One of our clients is a software developer that specializes in design and manufacturing software solutions. This software firm caters to some of the biggest organizations operating in primary sectors like engineering, architecture, manufacturing, entertainment, and more. Every new software and update our client rolls out must meet stringent SLA requirements.
To ensure their products operate as specified by their SLAs, the software company leverages Apache Spark to process and analyze large volumes of big data and glean actionable insights. These insights, in turn, provide the software developer with valuable information that allows them to quickly identify and address performance issues and roll out better products.
But, the company lacked expertise in Spark. On top of that, they didn’t have a comprehensive observability tool to measure Spark performance as well as help them recognize and address the complications stemming from Spark. As a result, the software vendor wasn’t getting the most value out of its Spark investment. Not until Pepperdata came into the picture and changed the way the company worked with Spark.
Spark Complications
While Spark enabled the software firm to analyze large volumes of big data and derive actionable insights on performance, customer journeys, sales, and more, their unoptimized Spark performance was costing them a lot.
Making the situation more complicated was that the software company does not have in-house Spark expertise. Without adequate knowledge and experience of the Spark framework, the software company was forced to do what they believed to be the most logical choice: throw more compute resources at it.
Although such an approach allowed them to run more Spark jobs, the Spark performance itself was not optimized. They also didn’t have an observability tool to see into their Spark applications and workflows. This resulted in more wasted resources and compute capacity. This problem intensified as the company expanded. More customers meant more Spark jobs. The subsequent increase in compute consumption soon took most of their big data budget.
Overspending and Overprovisioning: Not Just Their Problem
The organization’s struggles with Spark aren’t exactly news. Enterprises that rely heavily on Spark for their big data workloads experience the same difficulties, particularly poor resource utilization and overshooting their big data budgets.
Cost is one of the main issues that come with running a big data architecture like Spark. In our recent 2021 Big Data Cloud survey, 64% of companies said they constantly contend with “cost management and containment” when using big data technologies and applications.
While most cloud providers provide autoscaling to help enterprises meet compute resource requirements during traffic surges, default autoscaling configurations are based on peak-level requirements. This means many of the big data processes and workloads are running unoptimized. It’s no wonder why many enterprises are spending as much as 40% more than their initial big data cloud budgets.
Many enterprises ended up overprovisioning compute resources. While this approach ensured that they had enough resources during peak hours, unutilized resources were wasted when traffic was lower than expected. In the world of big data and cloud computing, unutilized resources mean lost money.
A Race Against Time
Big data specialists at the software company acknowledged how difficult it was to tune Spark using the most ideal configurations. But they knew they needed a powerful optimization solution to turn things around and make Spark an efficient, cost-effective big data engine.

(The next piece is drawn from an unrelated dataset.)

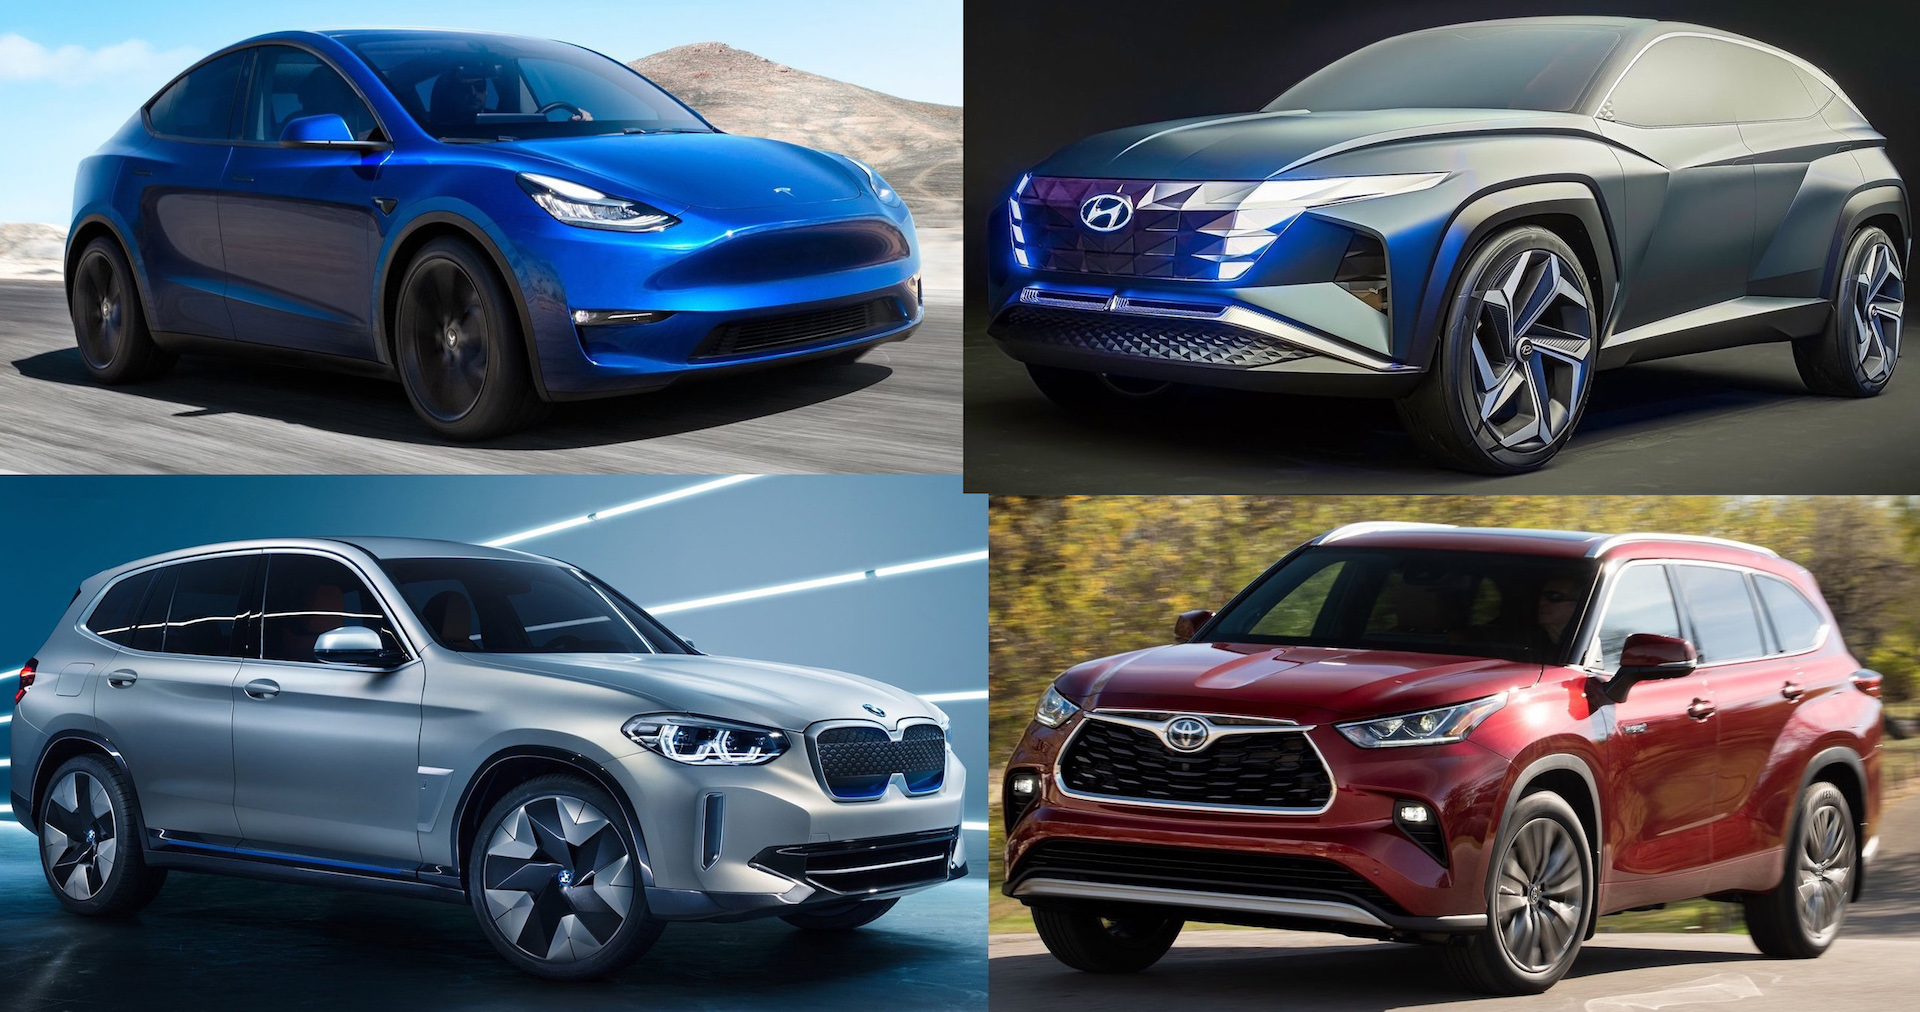 View Top Ten Suv Cars 2021 Pics - Dramatoon

By 2020, their data processing requirements increased 10x over the previous year. They needed to find an optimization and observability tool to keep their spending in check and maximize the utilization of their compute resources.
Otherwise, using the same approach of adding more resources would have led to overwhelming costs while still suffering from performance lags and downtime.
Superior Observability with Pepperdata
The software organization knew they required observability into Spark and overall big data infrastructure to identify problems, enhance Spark performance, and bring down Spark costs. Turning to Pepperdata, the company found the superior observability tool they needed.
Not long after the deployment of their Spark observability tool, the software developer was able to derive powerful and actionable insights into their Spark framework. With Pepperdata, they managed to effectively tune Spark. This resulted in applications and workloads running on optimal configurations.
With their compute resources optimized and properly utilized, the software vendor drastically minimized their compute wastage. With more resources available, the company now runs more applications without overshooting their budget.